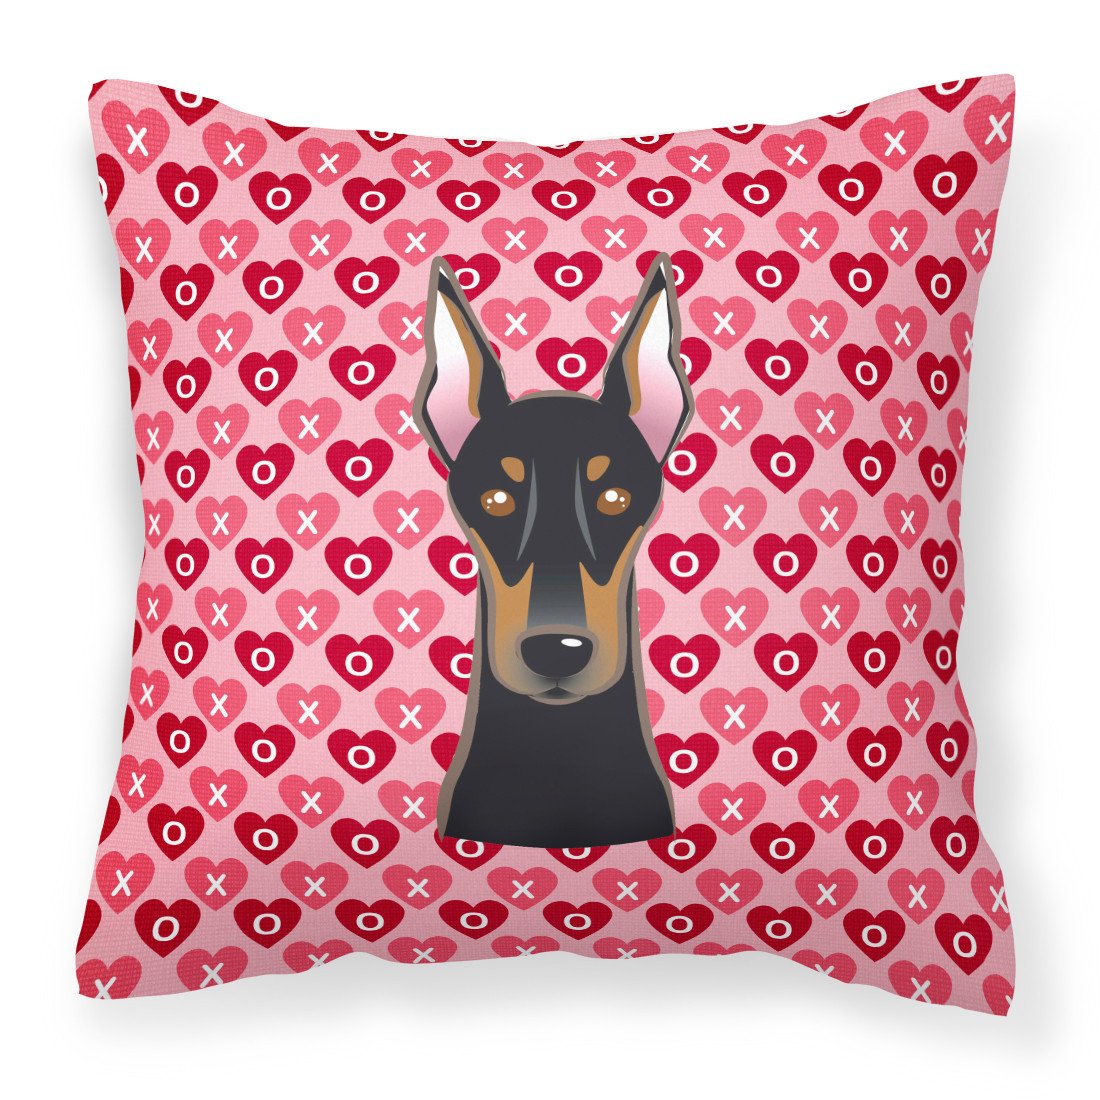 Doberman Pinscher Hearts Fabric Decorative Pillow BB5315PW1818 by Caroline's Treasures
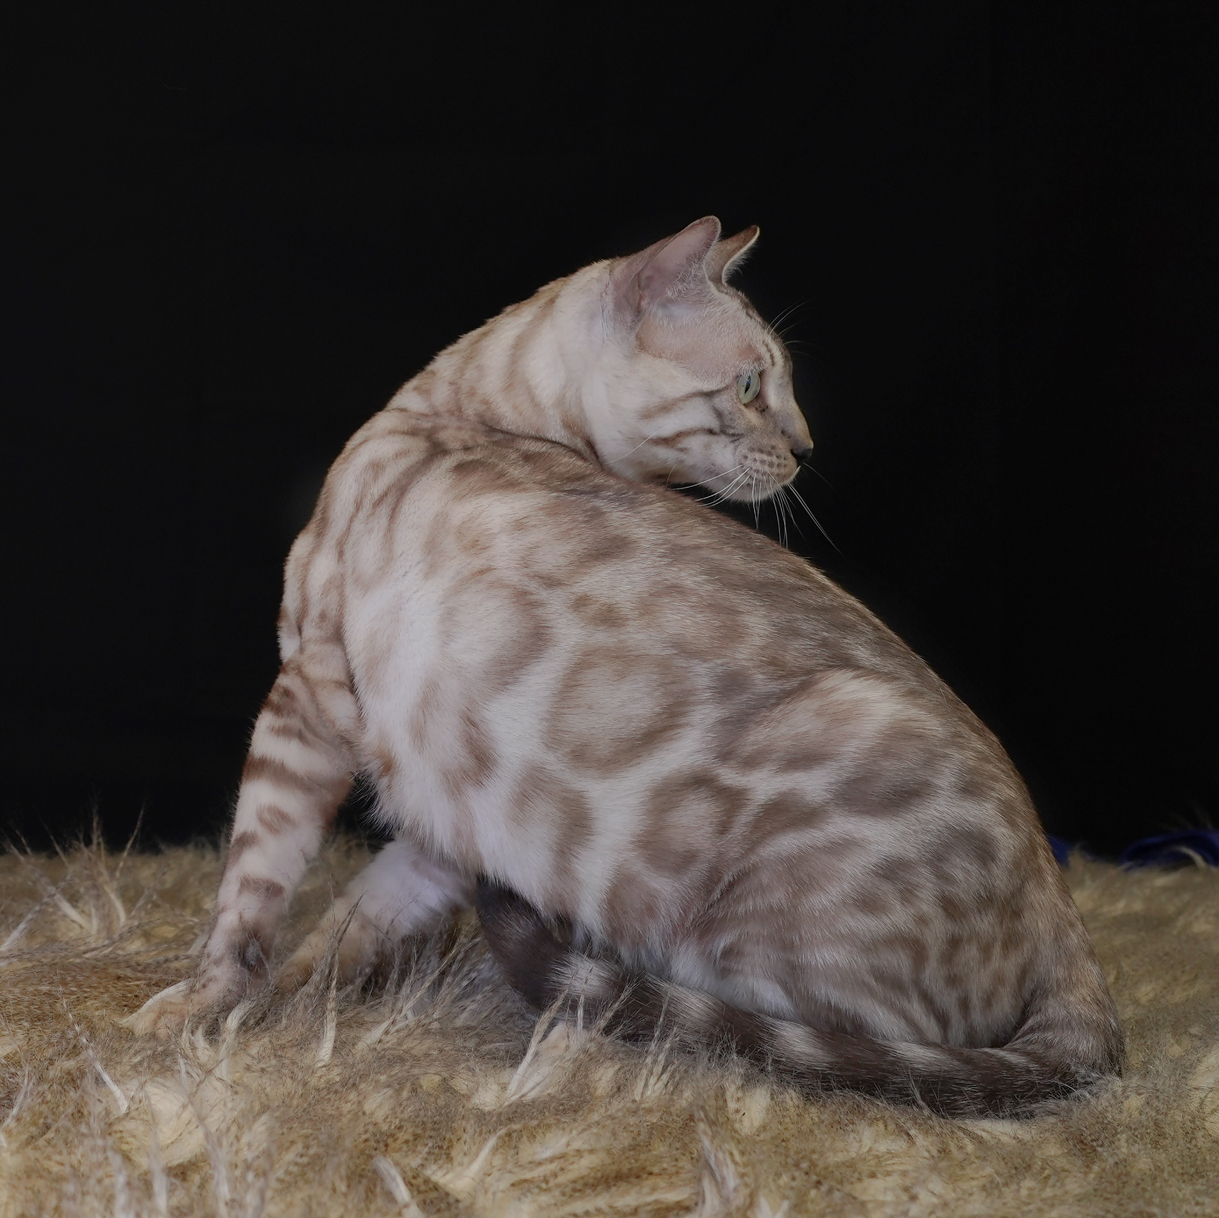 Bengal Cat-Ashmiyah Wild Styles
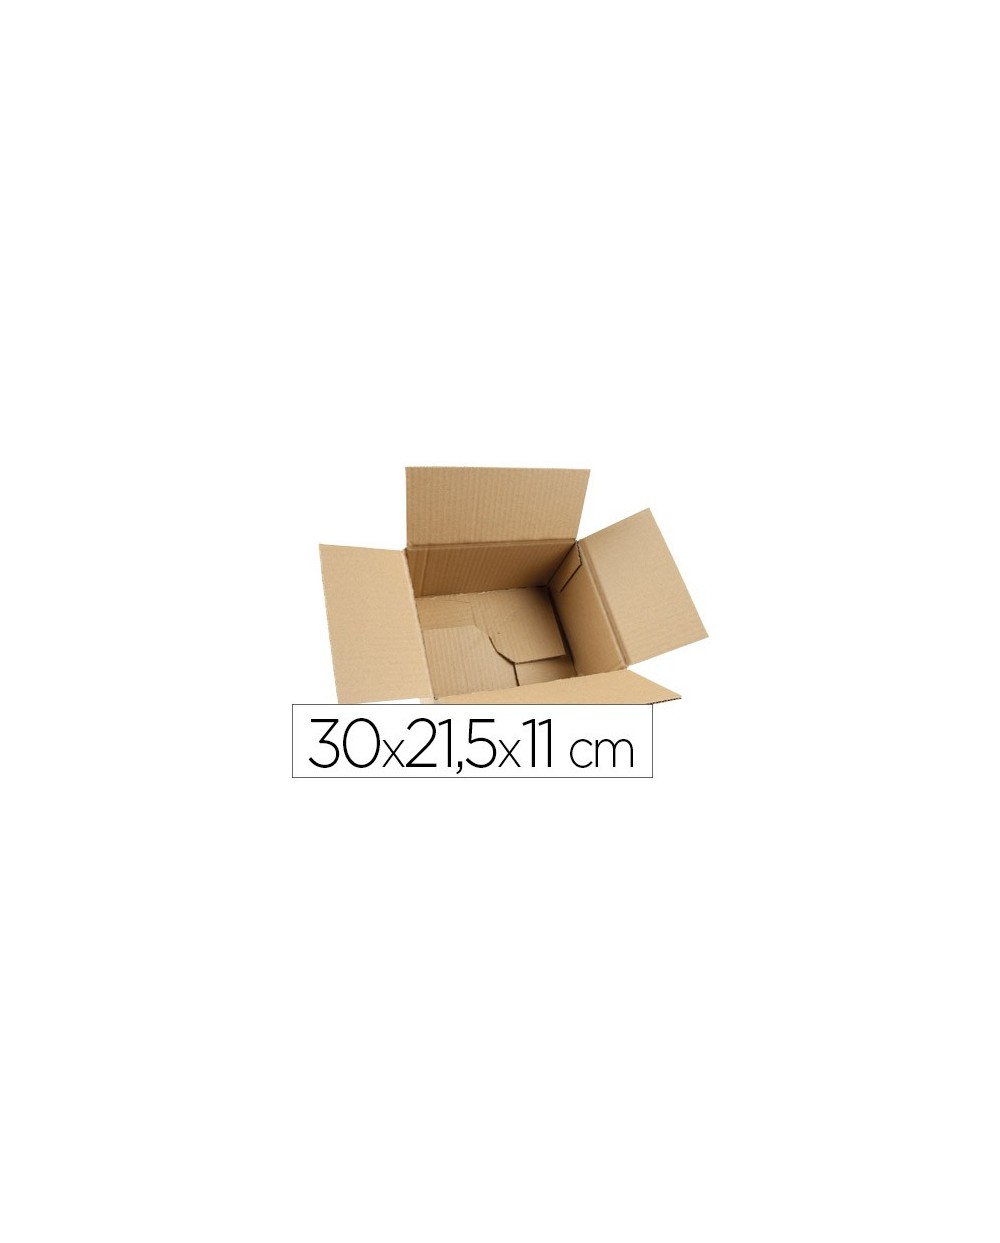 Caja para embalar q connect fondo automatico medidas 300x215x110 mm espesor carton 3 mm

┄┄┄┄┄┄┄┄┄┄┄┄┄┄┄┄┄┄┄┄

WORK TASK - Nothing but the pictures should be left out when the listing above is transcribed.

TASK RESPONSE -
 Doberman Pinscher Hearts Fabric Decorative Pillow BB5315PW1818 by Caroline's Treasures
 Bengal Cat-Ashmiyah Wild Styles
 Caja para embalar q connect fondo automatico medidas 300x215x110 mm espesor carton 3 mm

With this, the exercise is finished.